• TASK OBJECTIVE:
Leaving out the pictures, write out exactly each line from the line with "Chicago Illinois A" through the close of the listing below.

*** DATASET CONTENT ***

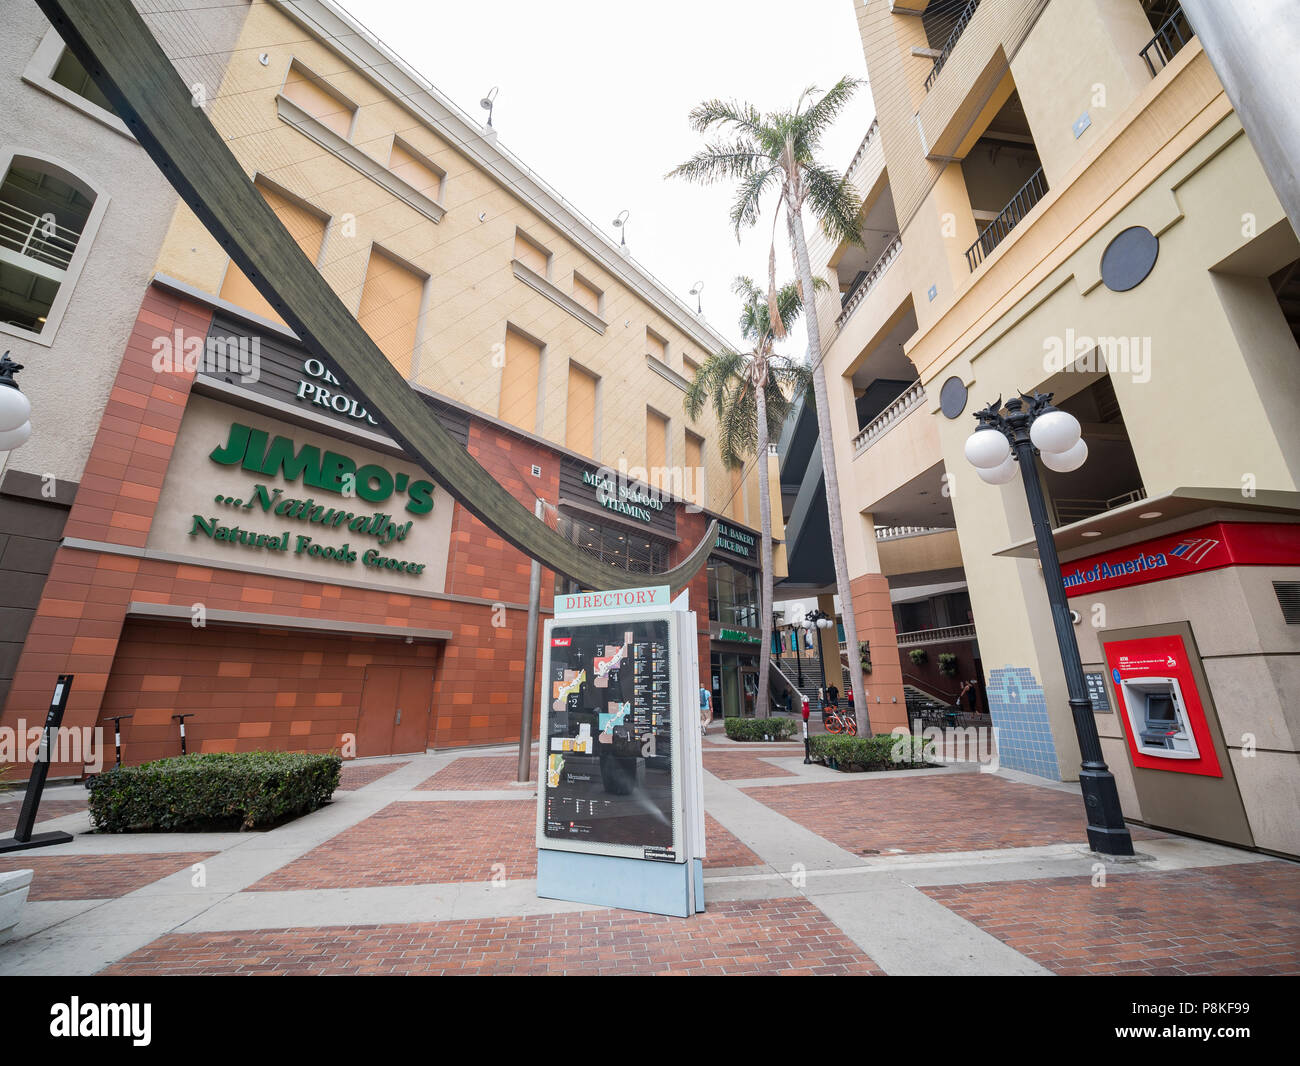 San Diego, JUN 29: The Horton Plaza Mall on JUN 29, 2018 at San Diego, California Stock Photo
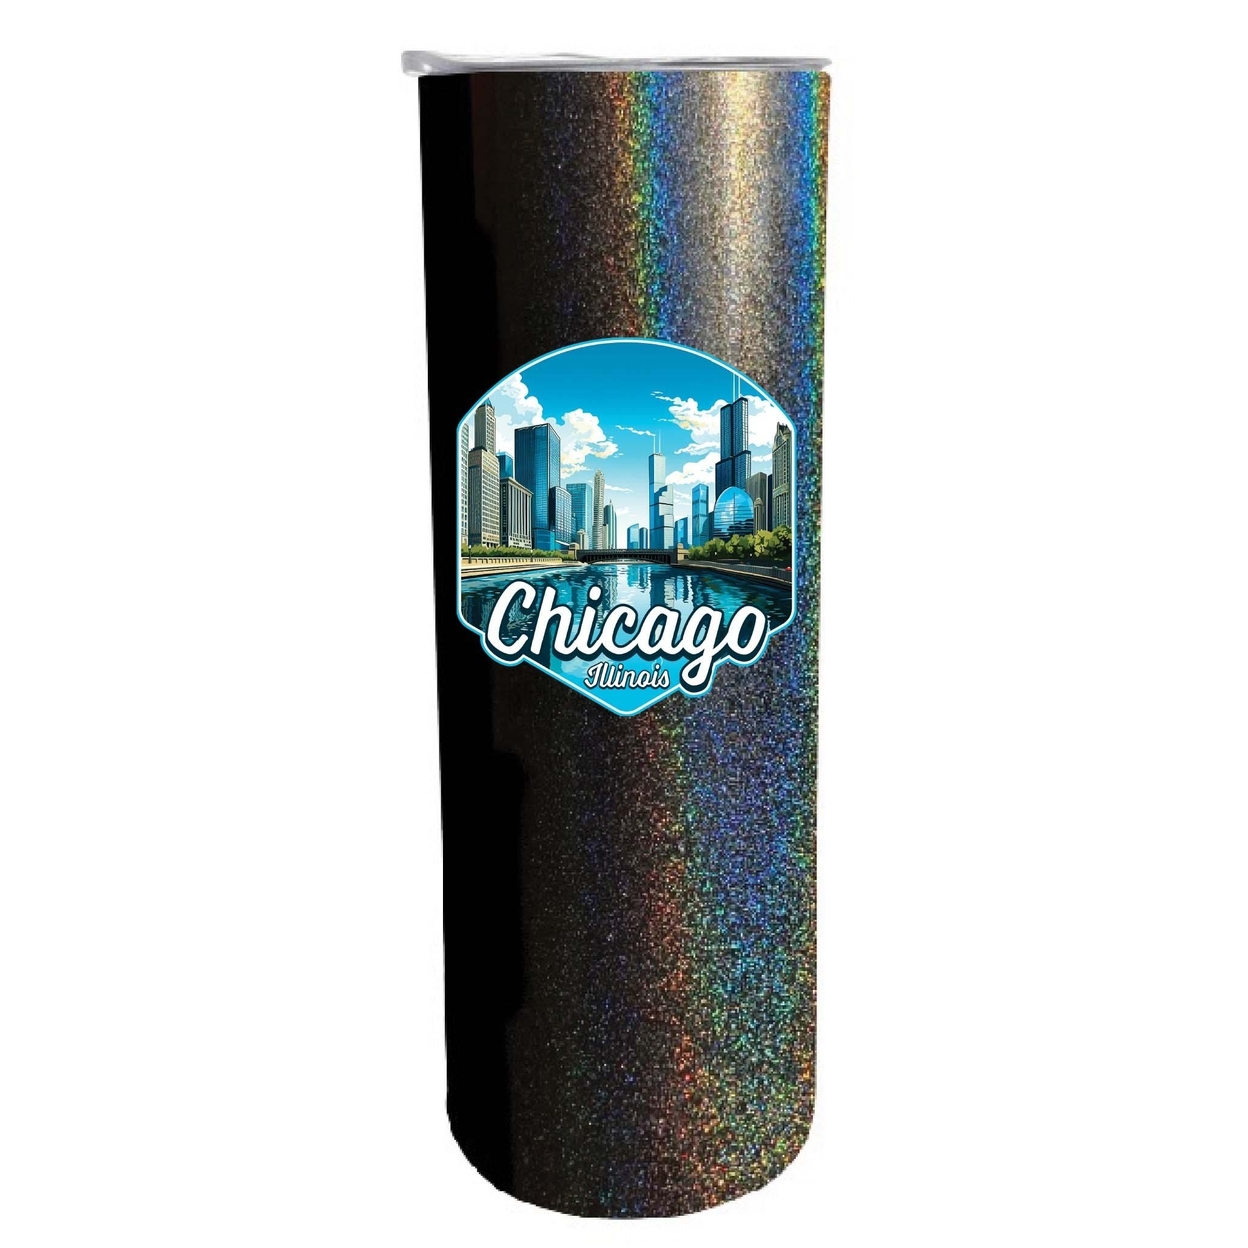 Chicago Illinois A Souvenir 20 Oz Insulated Skinny Tumbler - Black Glitter,,4-Pack
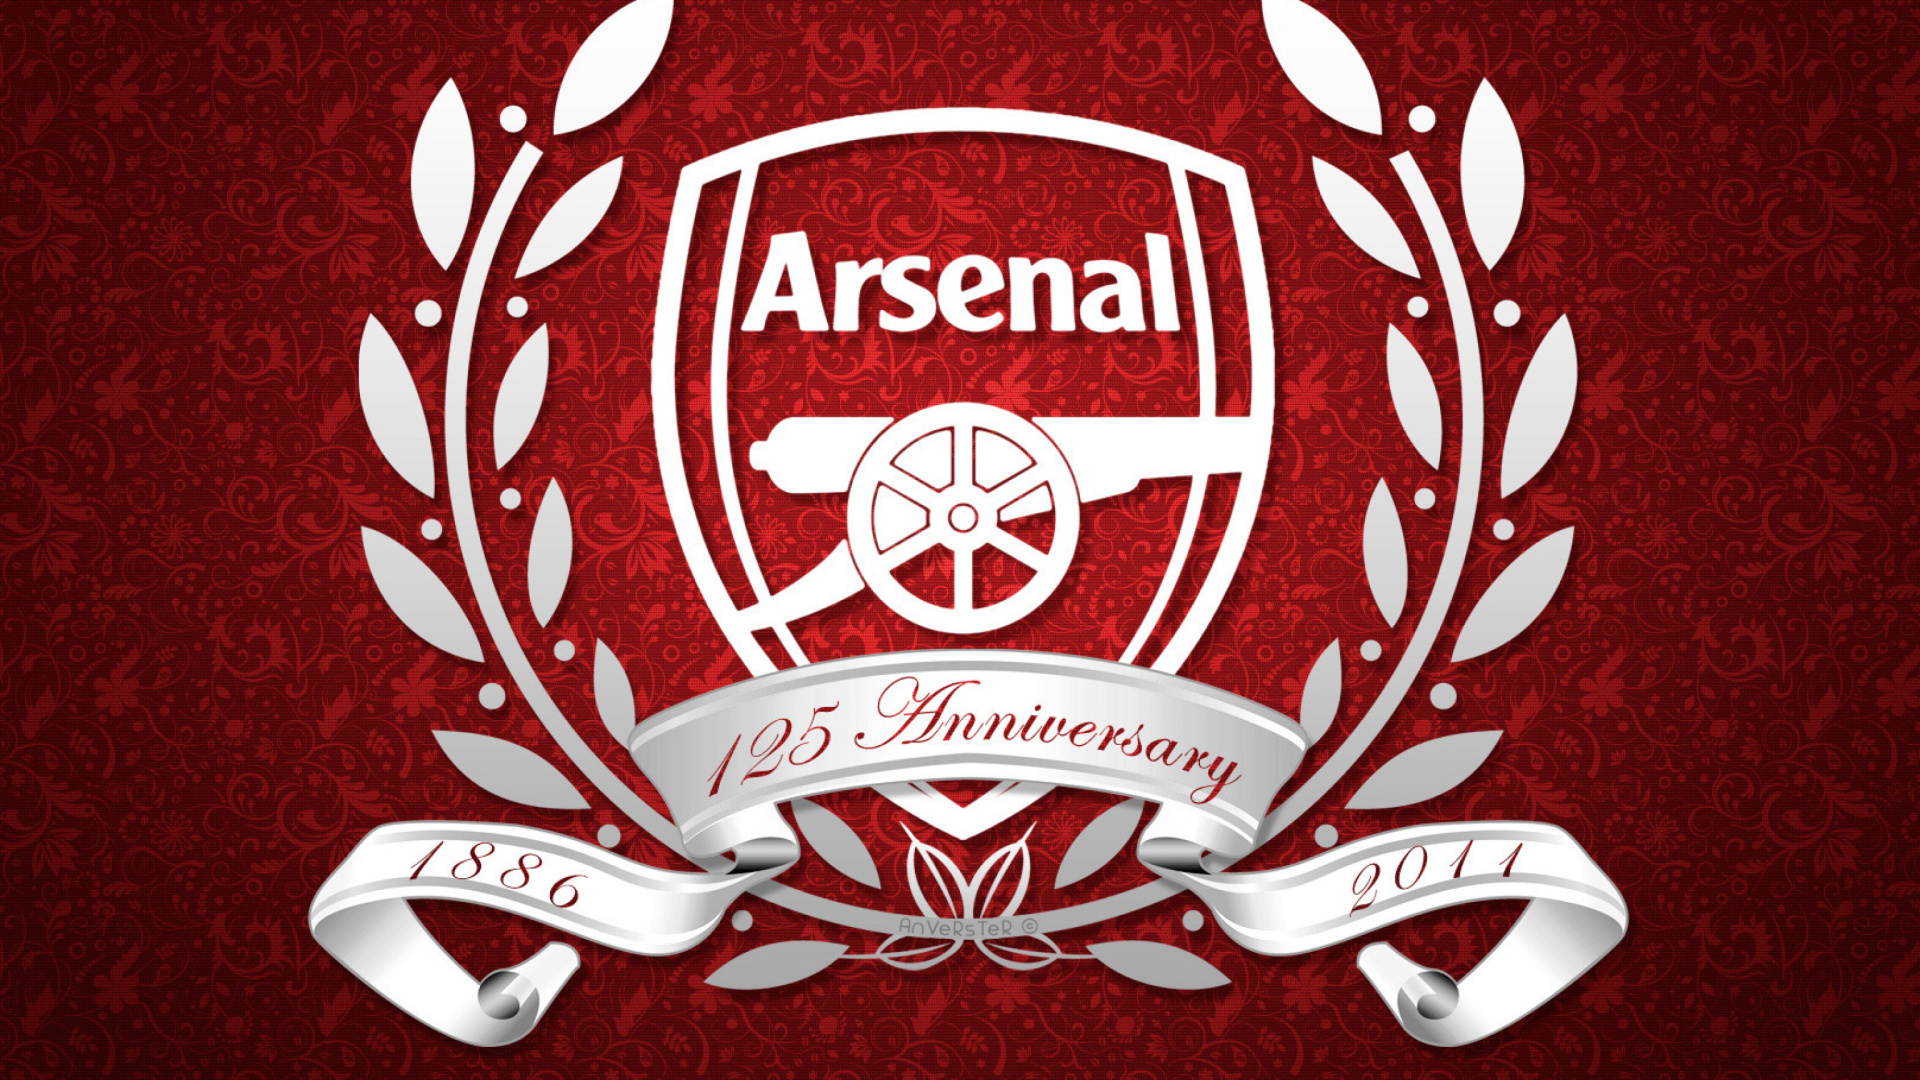 Das Arsenal FC Emblem Wallpaper 1920x1080
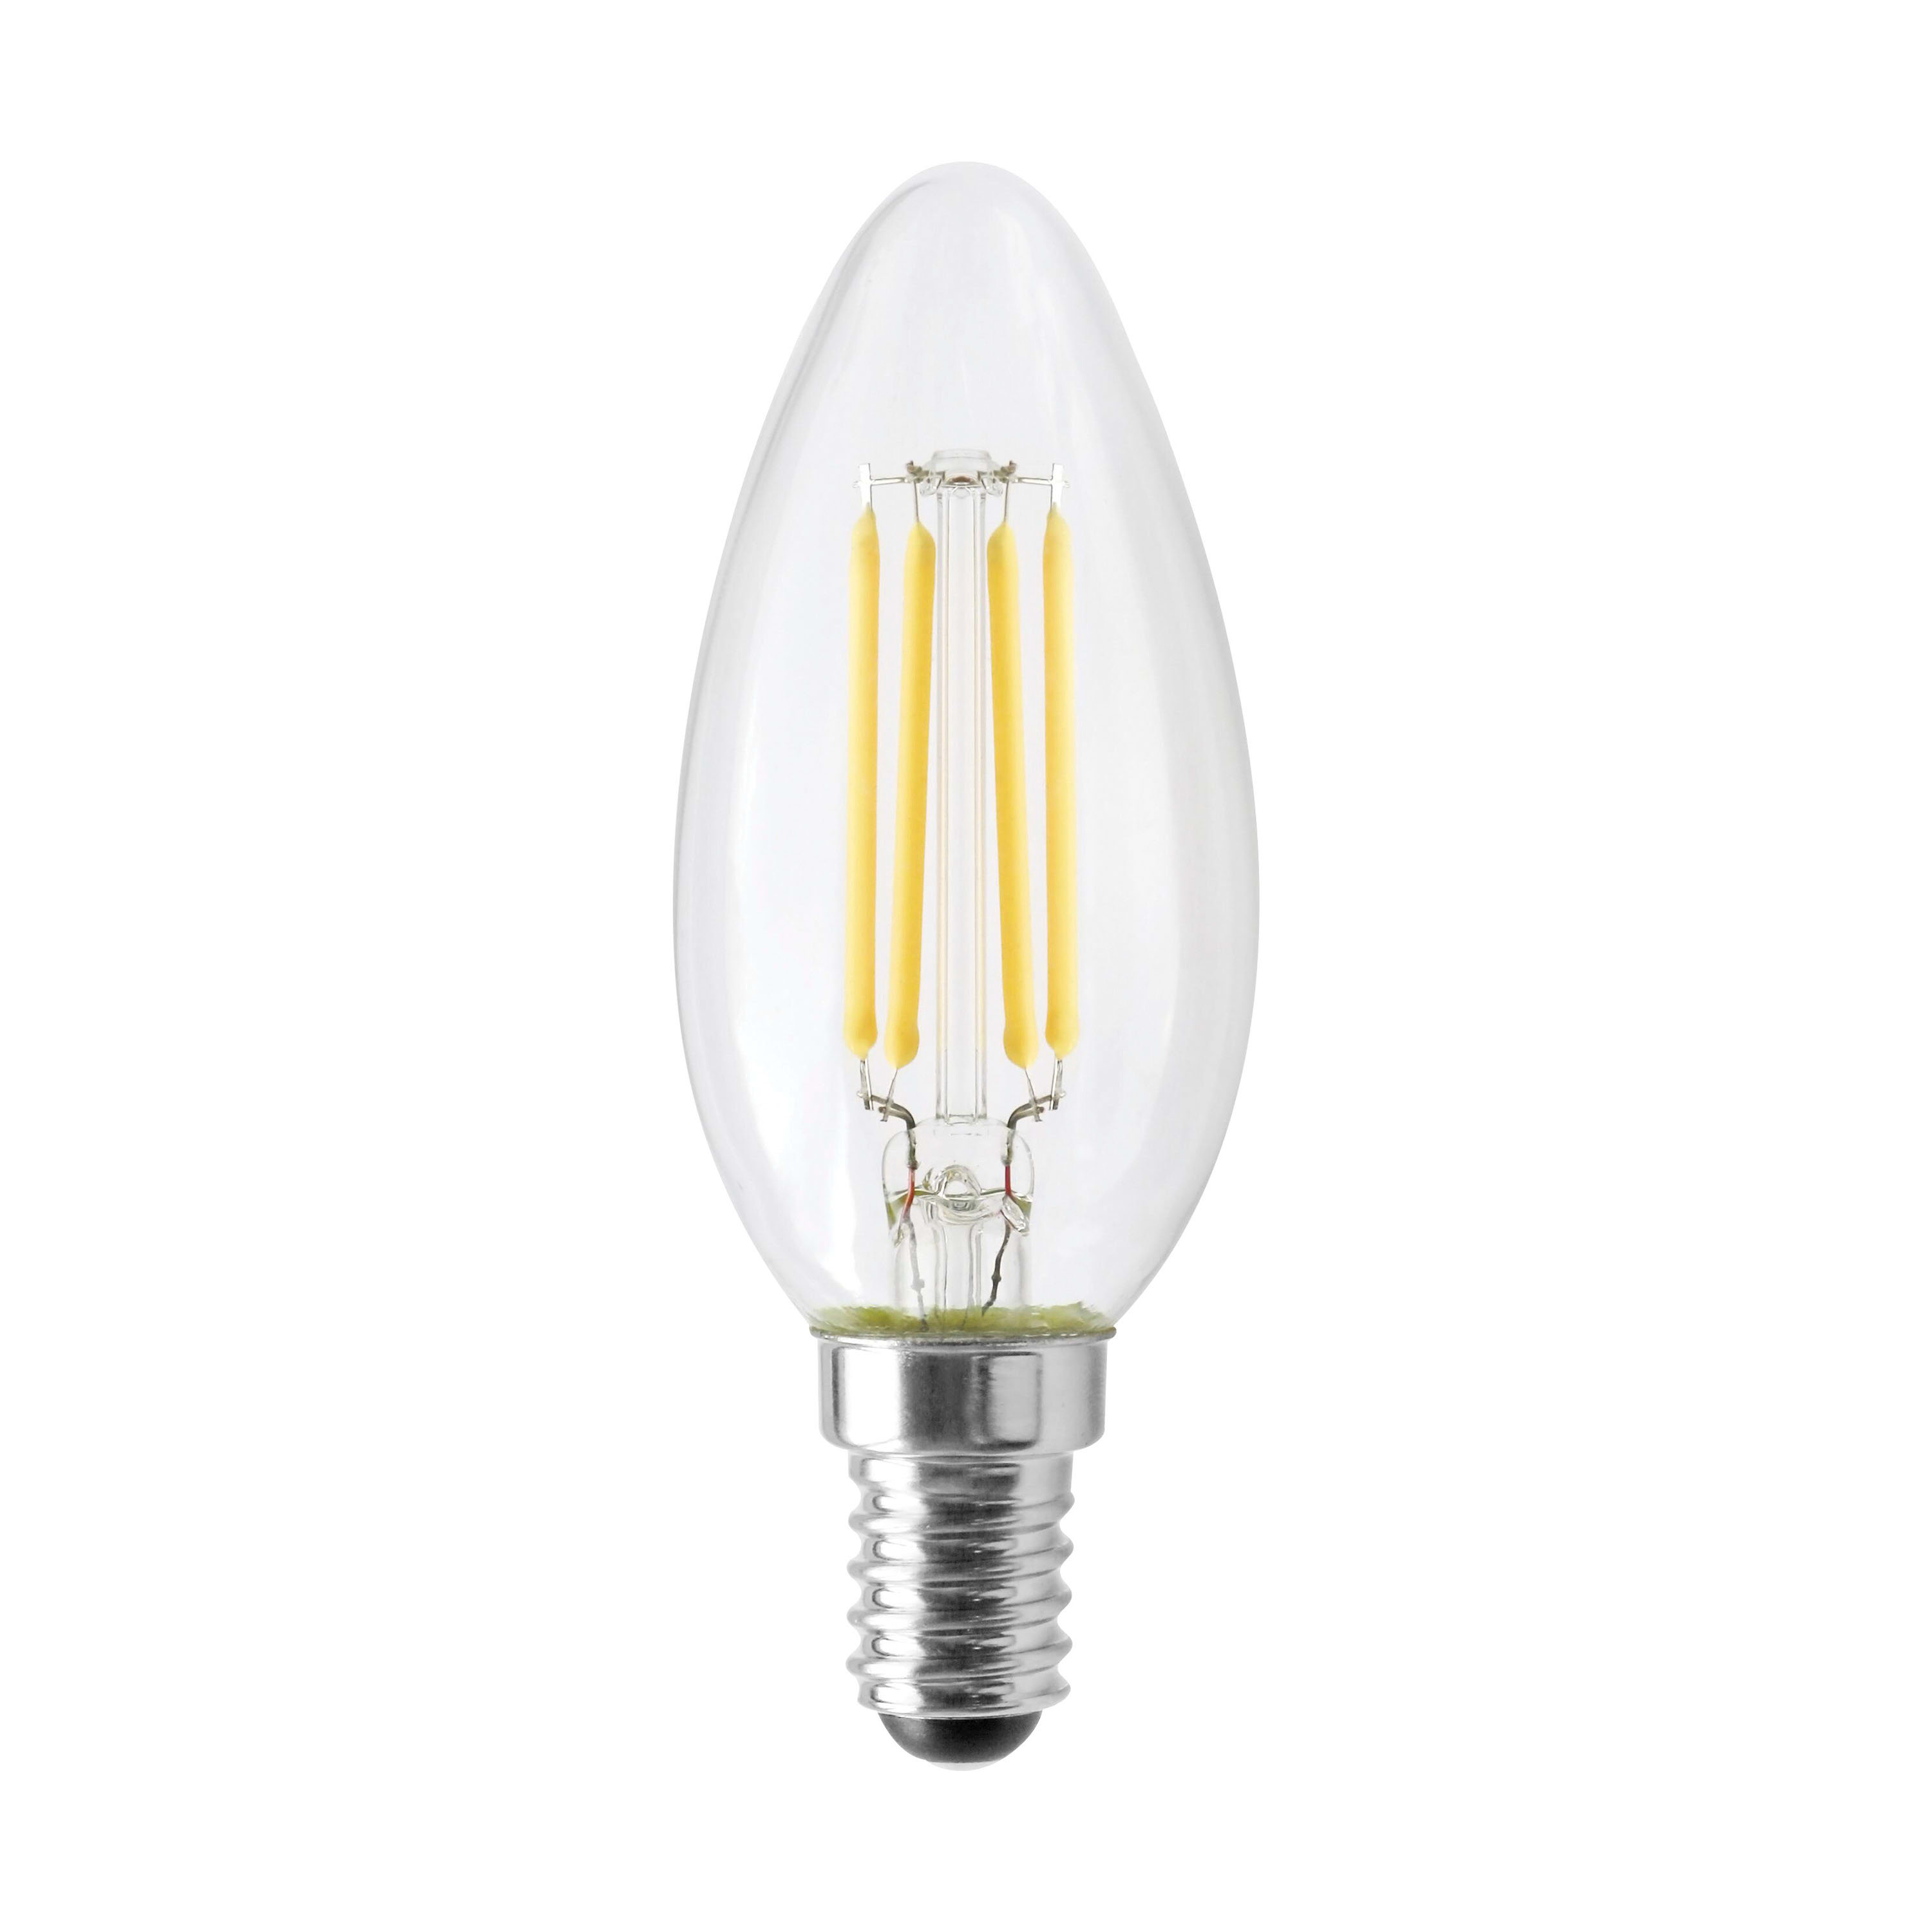 Satco Lighting S12116 Clear Single 4.5 Watt Dimmable European (E14) LED Bulb - 350 Lumens, and 80CRI - LightingDirect.com

***

• RESPONSE TO THIS TASK:
 Chicago Illinois A Souvenir 20 Oz Insulated Skinny Tumbler - Black Glitter,,4-Pack
 Das Arsenal FC Emblem Wallpaper 1920x1080
 Satco Lighting S12116 Clear Single 4.5 Watt Dimmable European (E14) LED Bulb - 350 Lumens, and 80CRI - LightingDirect.com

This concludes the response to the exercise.